Large intraspecific sequence divergences were observed in North African catfish, which were more than expected in the present study. This may be caused by the genetic difference between domesticated strains of the same species. Nonetheless, all specimens were classified as belonging to the same species, using the bPTP and GMYC methods. The ZZ/ZW sex determination system is believed to be the same as the ancestral system for North African catfish, which is supported by most of the reported sex chromosome systems from Africa and Israel. However, some studies of different populations from Israel, Hungary, and China suggest an XX/XY system or the possible coexistence of both sex chromosome systems or polygenic sex determination in North African catfish [56-62]. Unlikely hypotheses of incomplete lineage sorting in North African catfish can be ruled out if (1) populations with highly divergent mitochondrial DNA haplotypes are present in the same species or (2) the same haplotype are accumulated geographically near the boundaries of allopatric species or in their hybrid zones. It should be noted that haplotype retained from a common ancestor should be randomly distributed in the populations of descendant species, not accumulated near the boundaries of allopatric species or in their hybrid zones. This suggests that the problems in taxonomic and systematic analyses have complex issues that need to be resolved based on the data obtained from populations from different geographic origins and by large-scale genomic analyses [63,64].
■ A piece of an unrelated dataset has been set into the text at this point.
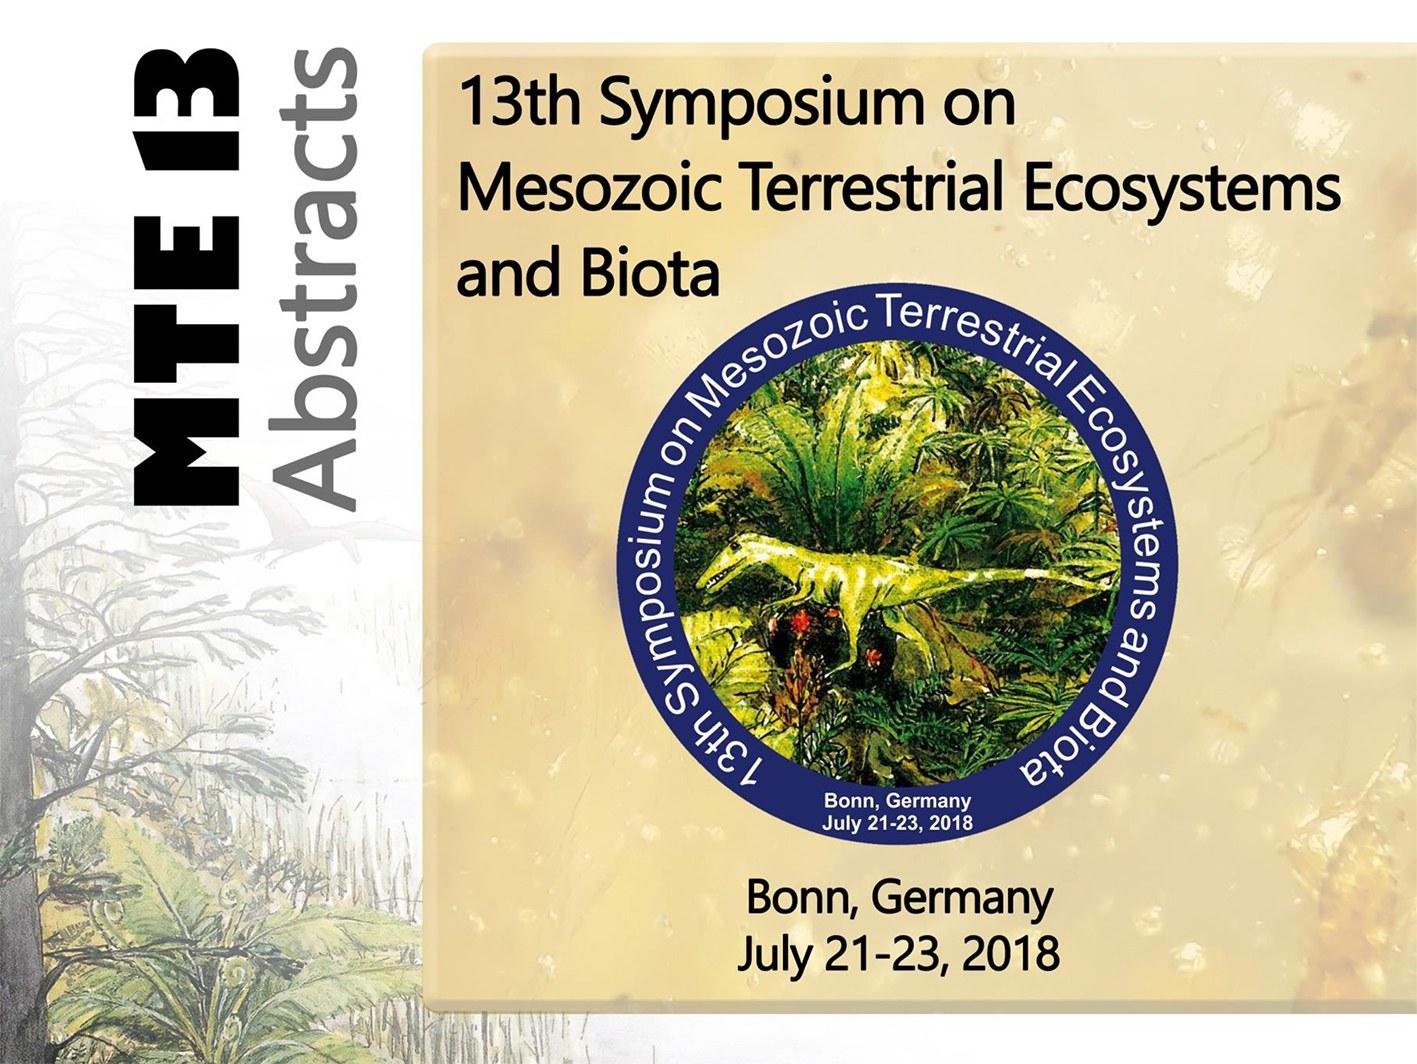 Beim 13. Symposium on Mesozoic Terrestrial Ecosystems and Biota (MTE13)

The COI and D-loop sequence datasets had lower power than the Cytb dataset because they had fewer informative sites. The overlap in the distribution of intra- and interspecific sequence divergence resulted in unclear cutoff values for species identification. The paradox of deep intraspecific and shallow interspecific sequence divergence indicates the need for further verification of specimen collection accuracy. However, species identification based on the Cytb dataset was unambiguous for Alluaud's catfish (C. alluaudi), whitespotted clarias (C. fuscus), North African catfish (C. gariepinus), C. intermedius, smoothhead catfish (C. liocephalus), bighead catfish (C. macrocephalus), blunttooth catfish (C. ngamensis), slender walking catfish (C. nieuhofii), C. olivaceus, C. pseudonieuhofii, and Werner's catfish (C. werneri). The optimal quality and traceability of the data associated with reference barcodes must be ensured by developing and adhering to best practices. To build a robust reference sequence library in public repositories, specimens from various geographical locations are required improvement of the Cytb barcoding gap value will provide more reliable representative data. However, cryptic species complexes in clariid catfish lineages may cause an overlap intraspecific and interspecific sequence divergences.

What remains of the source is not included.